We had to learn a completely new way of being with each other since we were now sharing the same space. We talked about the things that mattered (like how to spend our money) and the things that ultimately didn’t matter (who takes out the trash). Talking about those things were crucial because we would never have known what actually mattered to the other person had we not sat down to discuss it.
Ultimately, we learned that none of our bickering was about the actual things we were fighting about, but rather it was about not feeling heard or appreciated. From that day on, we decided to have what we call “Bae Sesh”, a weekly ‘session’ where we set aside an hour to speak our mind in a judgment-free space. This allows us to feel heard and respected.
Obviously, our hour-long “Bae Sesh” may not work for everyone, but it definitely works for us. We’ve been able to avoid larger conflicts, actively listen to each other, and bond and feel closer to each other because of our Bae Sessions. We may talk every day, but with both of us being so busy with work and life it’s nice to set aside time for something a little deeper.

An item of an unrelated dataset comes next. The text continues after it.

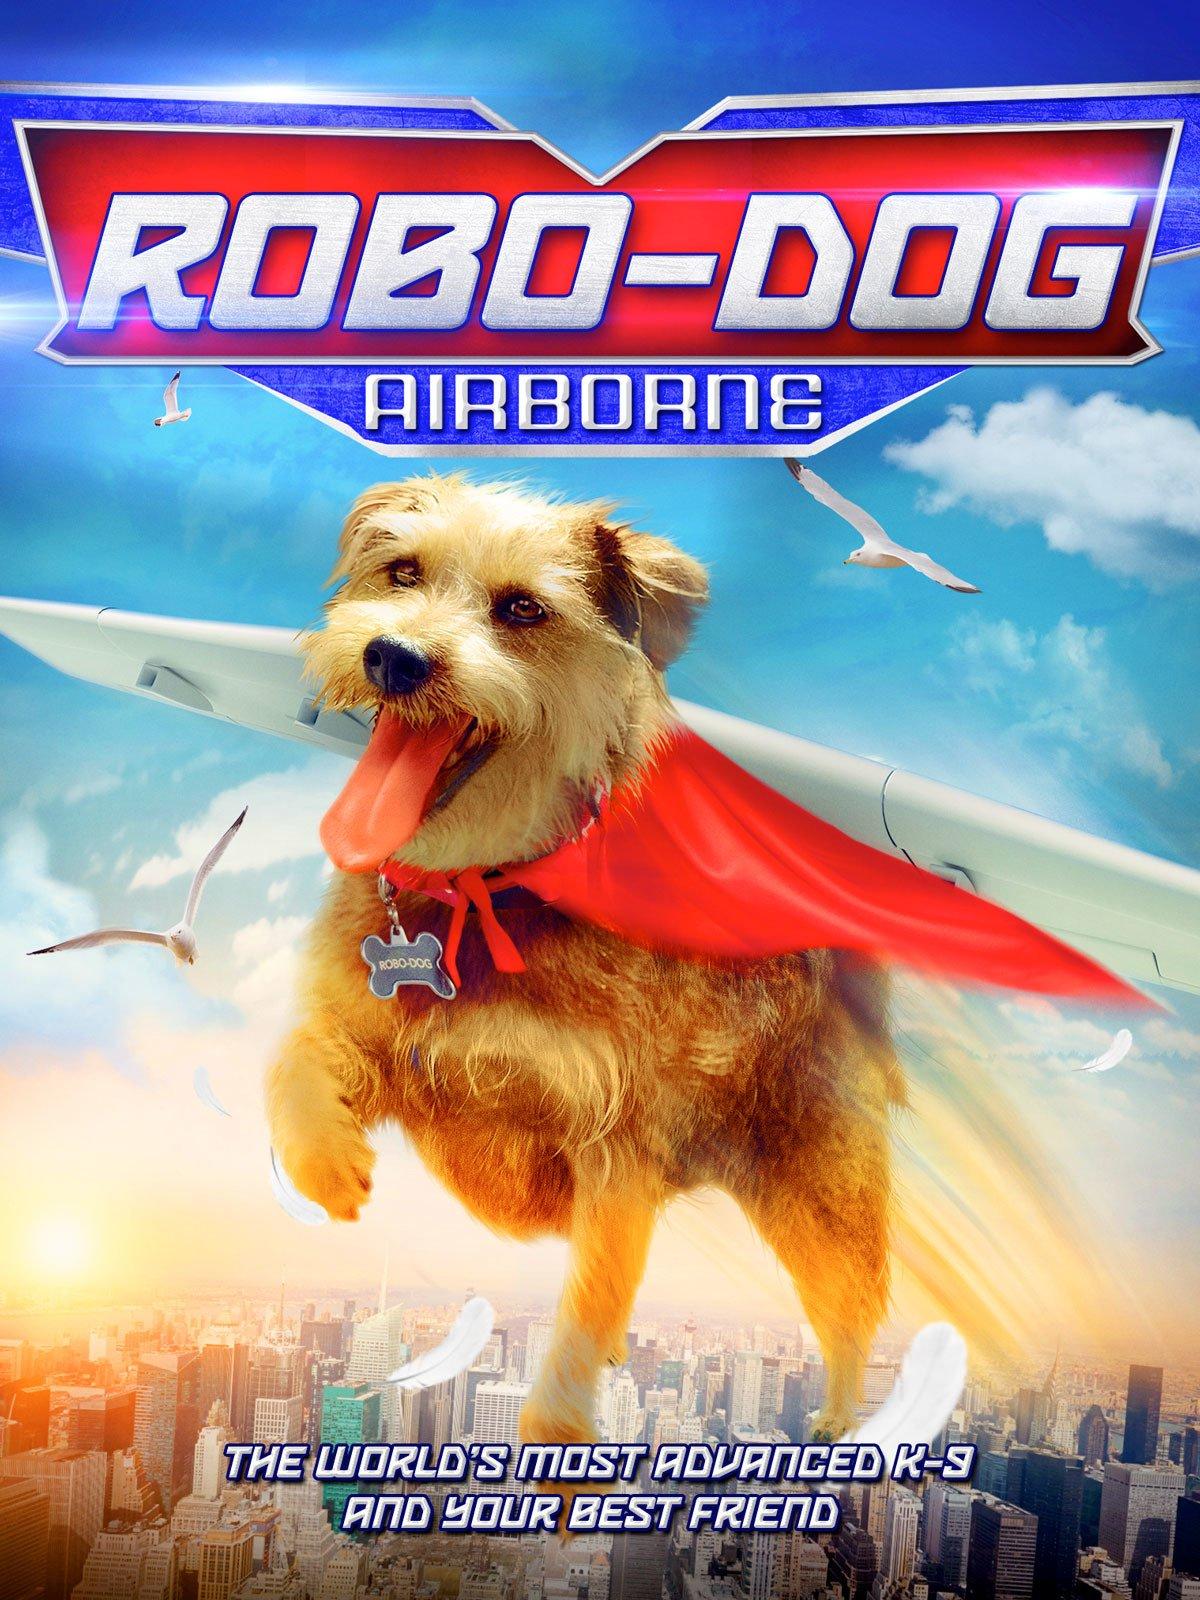 Robo-Dog: Airbourne

Tell Them What You Need From Them
Sometimes I just want to vent and feel validated by having my partner support me by saying, “Yeah that really sucks I’m sorry!” Other times, I want advice. Like I said before, none of us are mind readers, so it’s important to try to keep your partner informed so that you’re on the same page. Saying something beforehand like, “I need to vent right now and I’m not looking for any advice, just your support,” or, “I really need your advice on this situation,” will let them know exactly what you need in that moment.
Being direct about what you need can alleviate some of the miscommunication or stress in a given situation, too. By letting them know ahead of time, we can maybe prevent those unnecessary disagreements brought on by a miscommunication.